Exercise instructions:
Print the lines in the listing below that fall between the line with "40: The Crime" and the line with "Make your first", those two lines included, exactly as they stand and with nothing else.

Working data:
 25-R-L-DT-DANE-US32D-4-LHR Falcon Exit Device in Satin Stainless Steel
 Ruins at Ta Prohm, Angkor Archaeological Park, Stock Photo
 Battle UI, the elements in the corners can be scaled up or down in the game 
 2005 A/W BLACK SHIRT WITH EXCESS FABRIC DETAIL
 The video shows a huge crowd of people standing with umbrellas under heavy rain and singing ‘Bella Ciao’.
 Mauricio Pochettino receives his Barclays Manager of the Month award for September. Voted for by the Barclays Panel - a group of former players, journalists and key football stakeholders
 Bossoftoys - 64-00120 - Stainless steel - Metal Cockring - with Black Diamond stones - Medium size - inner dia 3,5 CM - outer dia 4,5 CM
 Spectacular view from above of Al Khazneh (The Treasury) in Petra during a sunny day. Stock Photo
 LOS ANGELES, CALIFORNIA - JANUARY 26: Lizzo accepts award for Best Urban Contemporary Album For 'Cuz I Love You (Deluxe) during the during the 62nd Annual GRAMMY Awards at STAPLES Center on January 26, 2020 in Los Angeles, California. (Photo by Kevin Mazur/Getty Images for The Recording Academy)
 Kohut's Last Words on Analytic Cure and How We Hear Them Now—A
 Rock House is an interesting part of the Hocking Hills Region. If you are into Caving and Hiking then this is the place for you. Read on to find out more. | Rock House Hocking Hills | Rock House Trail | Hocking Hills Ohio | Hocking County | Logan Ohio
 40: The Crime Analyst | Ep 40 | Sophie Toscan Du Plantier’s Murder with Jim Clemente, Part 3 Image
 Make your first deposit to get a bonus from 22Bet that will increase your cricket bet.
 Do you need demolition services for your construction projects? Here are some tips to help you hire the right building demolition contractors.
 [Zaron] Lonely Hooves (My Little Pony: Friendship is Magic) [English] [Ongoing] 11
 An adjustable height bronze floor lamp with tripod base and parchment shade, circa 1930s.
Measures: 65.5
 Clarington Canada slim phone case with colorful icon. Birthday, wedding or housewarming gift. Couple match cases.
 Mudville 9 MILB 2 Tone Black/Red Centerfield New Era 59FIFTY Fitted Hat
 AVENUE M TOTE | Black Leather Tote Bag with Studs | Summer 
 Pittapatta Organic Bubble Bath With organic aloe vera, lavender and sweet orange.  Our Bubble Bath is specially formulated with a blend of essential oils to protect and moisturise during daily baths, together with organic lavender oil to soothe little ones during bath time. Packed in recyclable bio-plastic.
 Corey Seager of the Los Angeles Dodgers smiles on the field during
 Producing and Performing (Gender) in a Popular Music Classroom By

Solution to this problem:
 40: The Crime Analyst | Ep 40 | Sophie Toscan Du Plantier’s Murder with Jim Clemente, Part 3 Image
 Make your first deposit to get a bonus from 22Bet that will increase your cricket bet.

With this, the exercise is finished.